A Saunter through a Silent City

Tom Preston

An urban hymn…by Tom Preston

 

I once helped a friend, a filmmaker, shoot a scene in an empty market square. It was summer. We arrived at 4am. As the sun came up, we captured that rare thing: an eerie moment of daylit urban silence.

Walking in a city is an act of defiance. It is usually the least efficient way to travel. There is often no destination. The idea of ‘going for a walk’ in an urban environment denotes a kind of subversiveness. Who does that? For most people urban travel is about getting from one place to another as quickly as possible. To wilfully choose to spend an hour walking to see a friend rather than getting a 10-minute Uber ride, feels like a radical rejection one of the tenets of our core cultural creed: optimisation. To slowly meander through a city or town, whilst the buses and taxis and cars and bikes fly past you, is to shout into the wind, ‘I opt out!’ The recent emergence of electric scooters ensures the few minutes it used to take you to walk from your home to the bus need no longer be wasted: you can hop on a scooter and be there in a matter of seconds. I prefer to take my time, observe my surroundings; notice how the quality of the air changes, how the familiar streets shrink and bloom with the changing of the seasons. 

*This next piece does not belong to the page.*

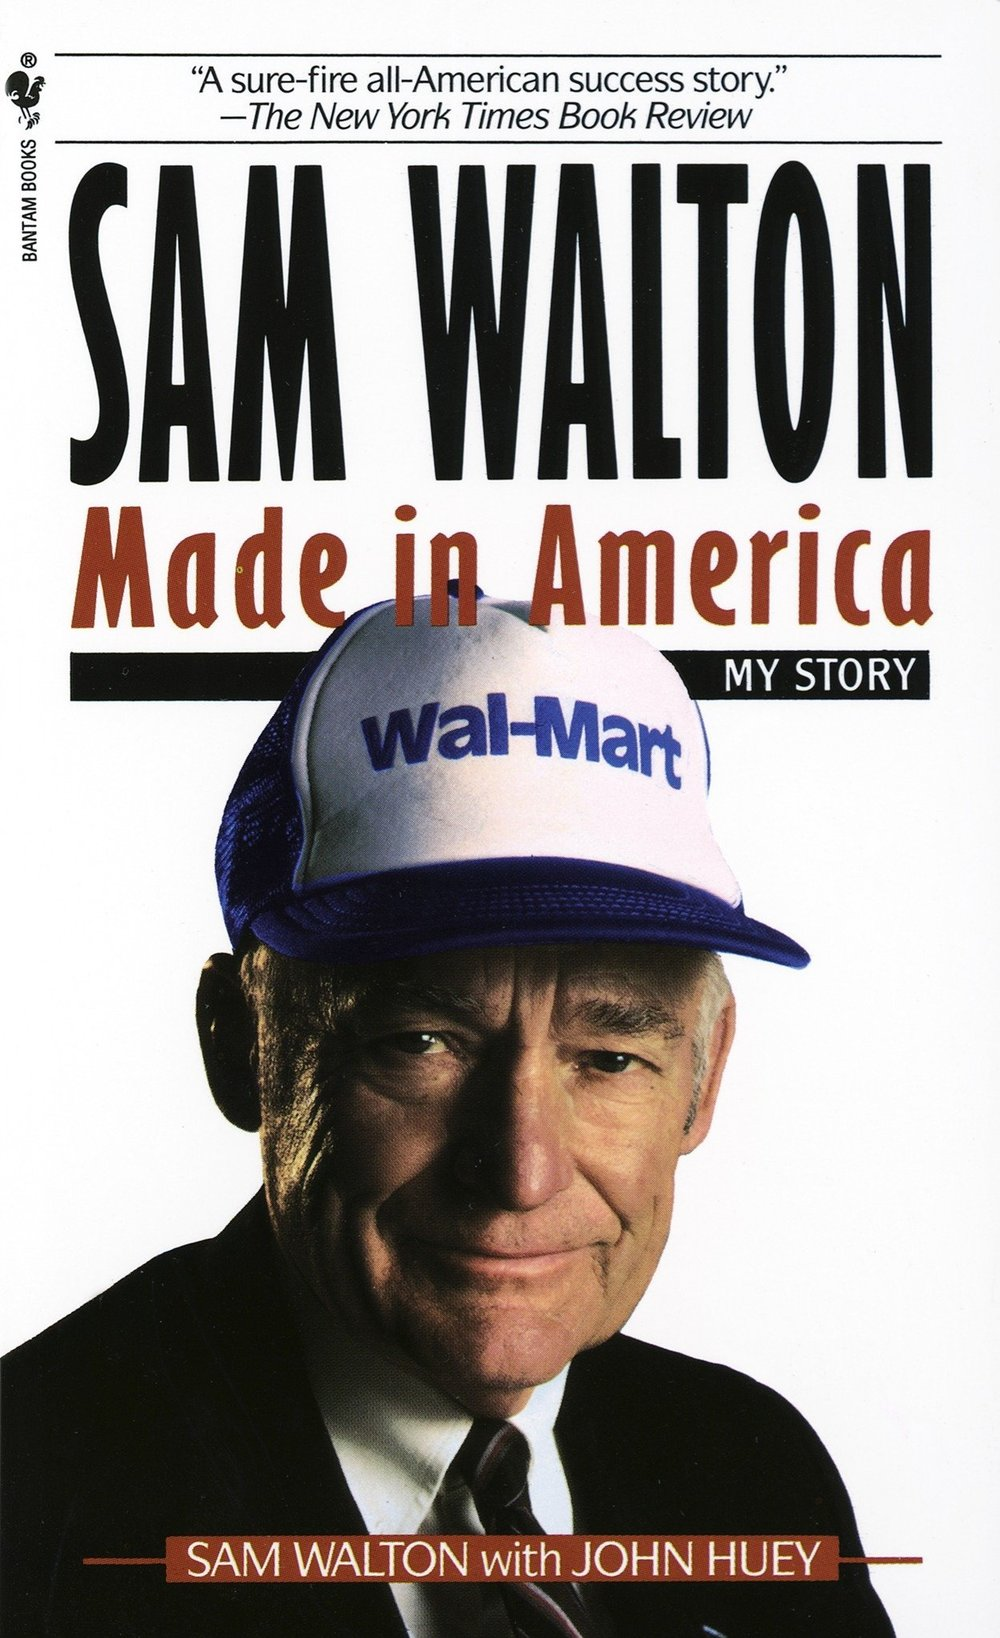 walston.jpg

I love walking in the countryside as well. Sometimes escaping the urban environment is a necessary and cleansing thing. Nothing quite clears the cobwebs like being punched in the face by a ferocious wind in the Peak District, my closest National Park. And until recently, if I wanted solitude and a sense of the vastness, emptiness, I had to get in my car and drive until I found it. The covid-19 pandemic and its various lockdowns have temporarily changed that: my city, Nottingham, is now an enormous barren urban landscape. Like an unnerving establishing shot in a horror film, the absence of visible human life in the city, coupled with the actual background dread of the pandemic itself, has endowed my urban walks a with a surreal, almost apocalyptic quality. 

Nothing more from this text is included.